Data warehouses take pressure off databases by providing another location for data. However, because of their size, often over 100 GB, data warehouses are hard to change once they are up and running. Therefore, great care is needed when developing and using this tool.
Data Marts
Data marts are similar to data warehouses with the main difference being the scope. Like data warehouses, data marts are also databases. However, data marts are focused on one subject or department whereas data warehouses gather data from all over an organization. For example, a school might have a data warehouse for all student data while it has a data mart that only holds student classes and grades.
Since they have a focus on a given subject, data marts are generally smaller than data warehouses at less than 100 GB. The rationale of a data mart is that analytic teams can focus when trying to develop insights rather than searching through a larger data warehouse.
Data Lake
Data lakes are also similar to data warehouses. Just like a data warehouse data lakes contain data from all over the organization from many sources. Data lakes are also generally larger than 100 GB. One of the main differences is that data lakes contain structured and unstructured data.

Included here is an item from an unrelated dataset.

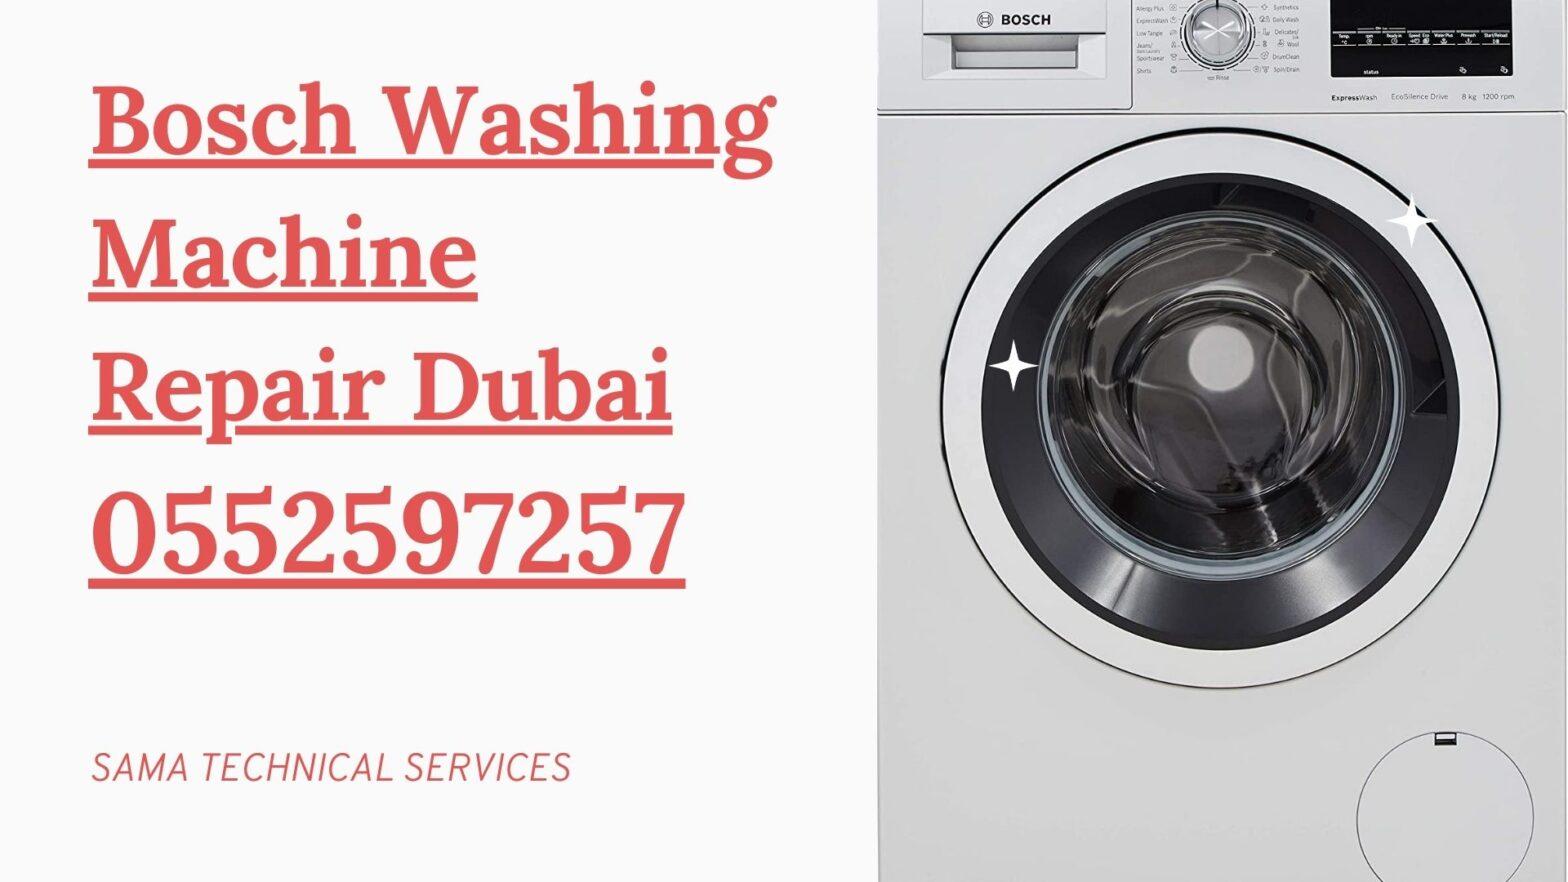 Bosch Washing machine repair Dubai

Unstructured data is data that does not fit into rows and columns. Examples can include video data, social media, and images.
Another purpose for a data lake is to have a place for keeping data that may not have a specific purpose yet. Another to think of this is to consider a data lake as a historical repository of data. Due to their multipurpose nature, data lakes are often less complex in comparison to data warehouses.
Conclusion
All of the various data products discussed here work together to give an organization access to its data. It is important to understand these different terms because it is common for people to use them interchangeably to the confusion of everyone involved. With consistent terminology, everyone can be on the same page when it comes to delivering value through using data.